In FIG. 3, the waveform (a) is that of the voltage at the power source terminal 2, and the wave form (b), is that of the output 21 from the detector circuit 20. The period of one cycle of the commercially power source voltage is represented by T.sub.o, which is 20 mS for the commercial power frequency 50 Hz. The level of the holding voltage at the power source terminal 2 is represented by V.sub.t, which level V.sub.t is necessary for passing the holding current through the thyristor 3. Accordingly, the time period t.sub.v is for heat generation by the thermal head 12, and the time period t.sub.s is for erasing the picture signals stored in the thyristors 3 (5 to 10 .mu.S) and for pausing. It is noted here that, in the illustrated wave-forms, the time for setting the picture signals on the thyristors 3 (512 .mu.S in the above example) is included in the time period t.sub.v.
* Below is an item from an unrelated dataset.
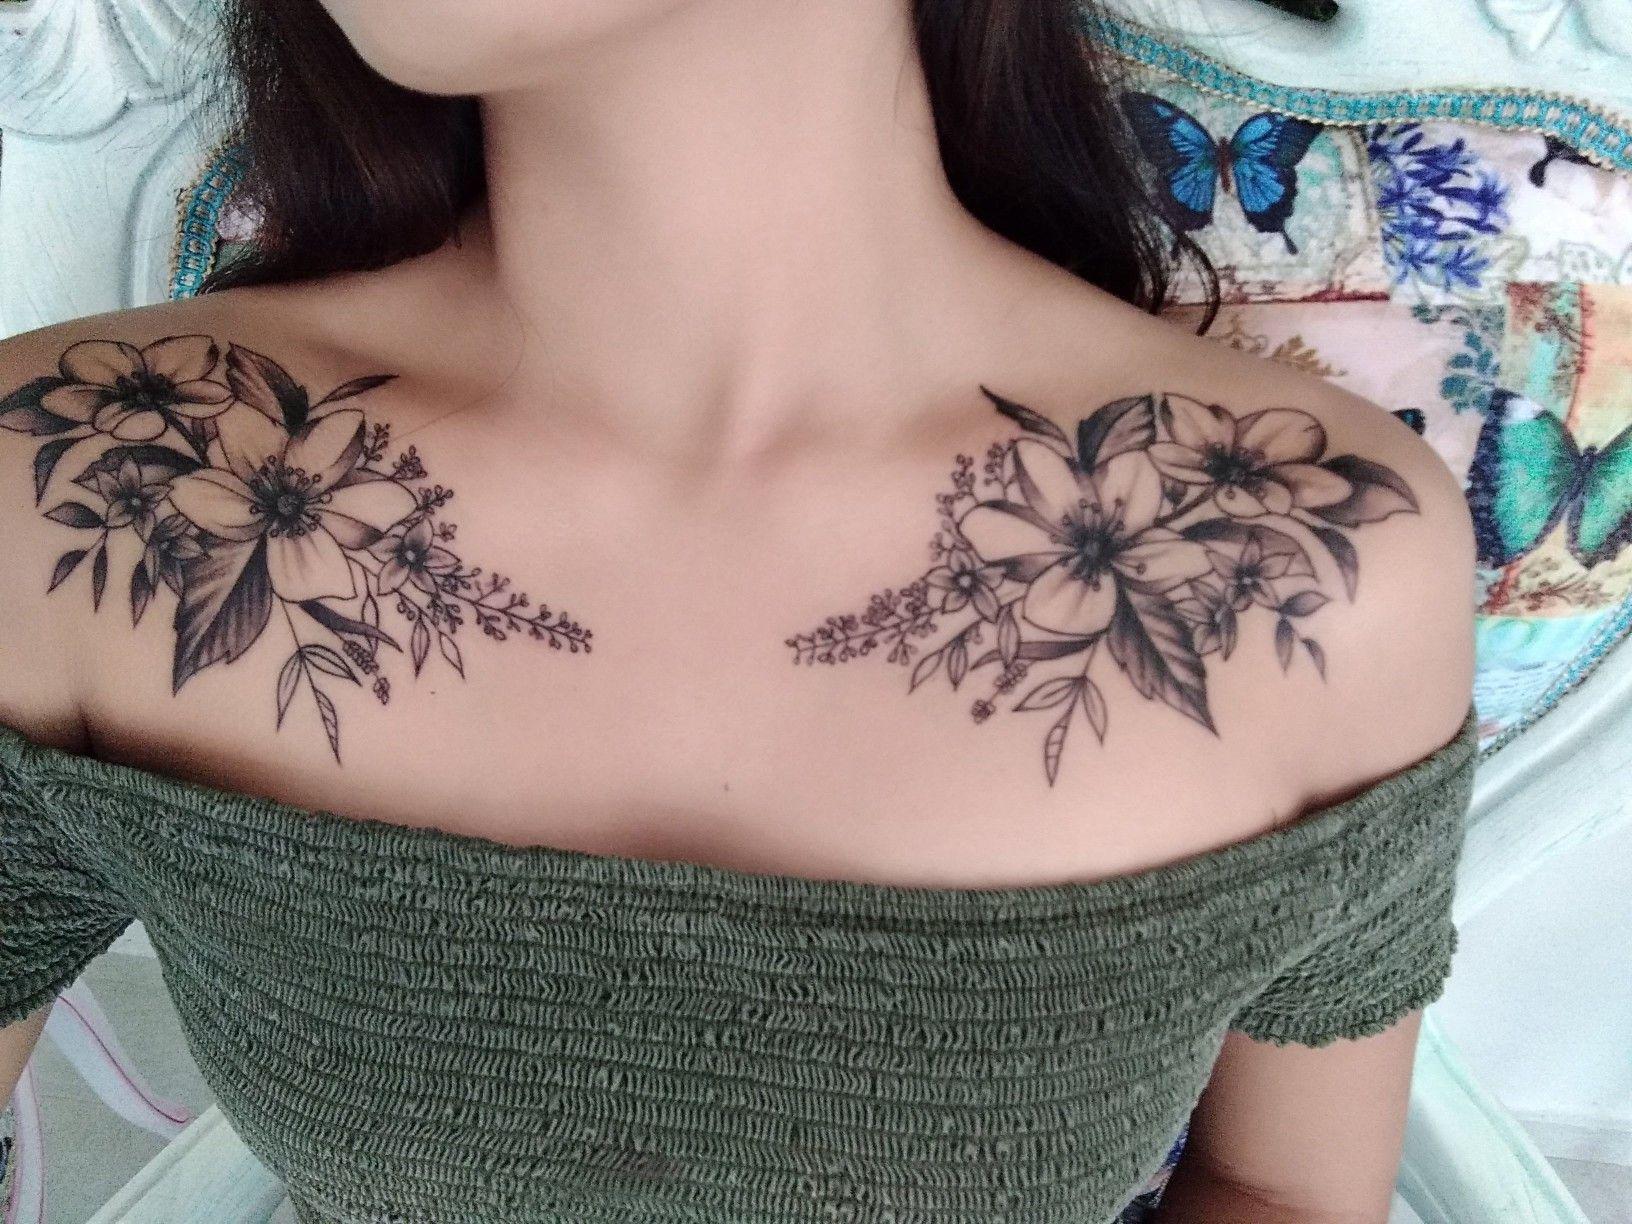 Pin By Hailey Lariscy On New Tattoo Tattoos Collar Bone Tattoo Shoulder Tattoos For Women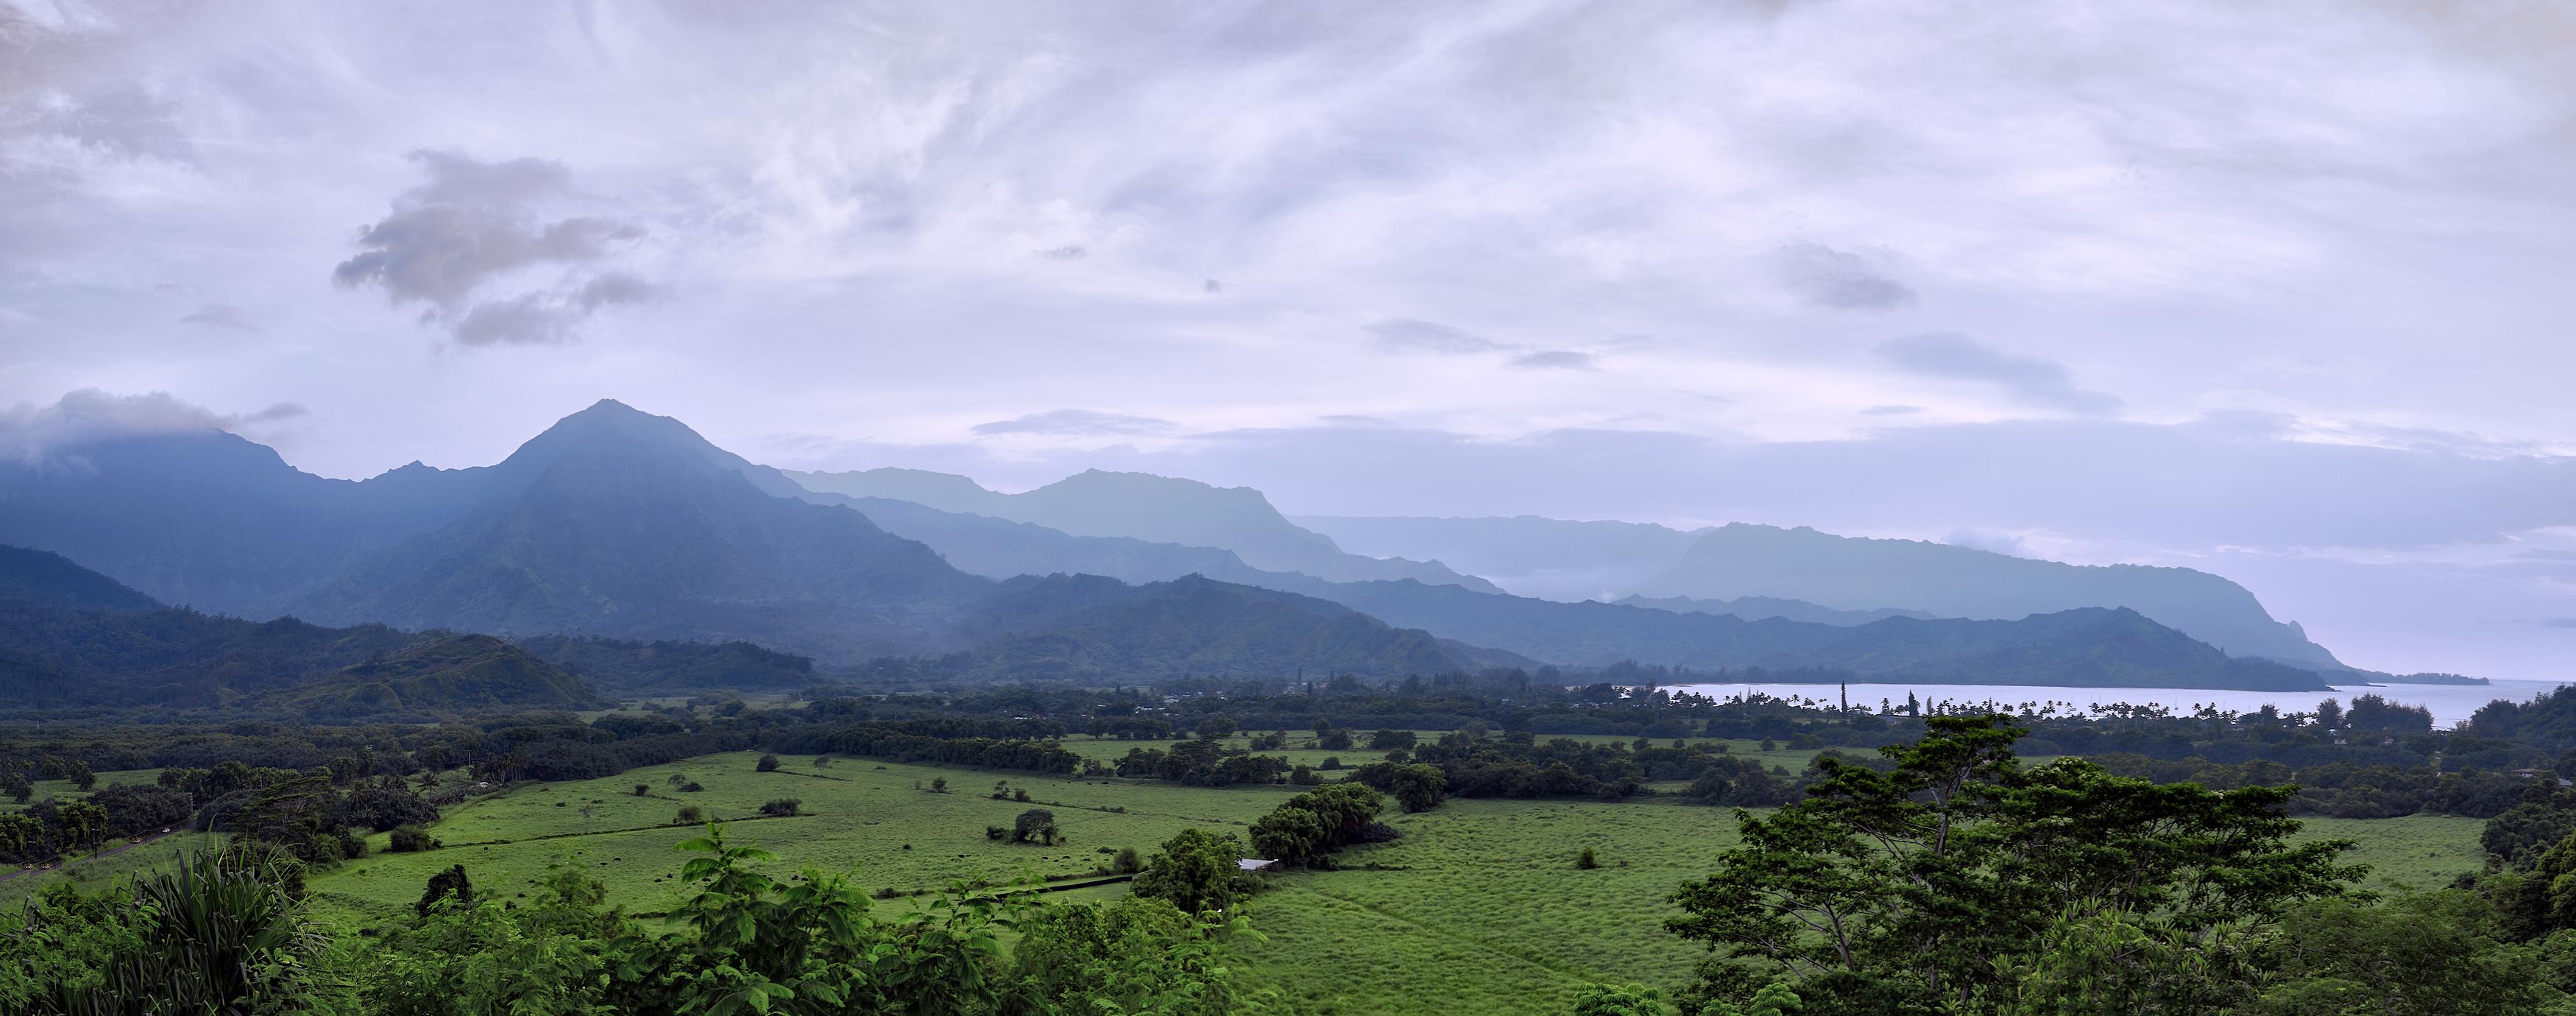 Hanalei Panorama by Peter Adams.

However, the thermal printer system shown in FIG. 2, has the disadvantage in that the printed concentration or density depends upon the fluctuaton of the voltage of the commercial power source. The voltage of the commercial power source is generally not stable enough as to maintain the constant density of the printed color. If we wish to obtain the constant density of the printed color utilizing the commercial power supply, we must use an expensive automatic voltage regulator in an alternate current stage, or we must use a voltage regulated direct current (DC) power supply. However, both have the disadvantages that their prices are expensive and the size of devices is large.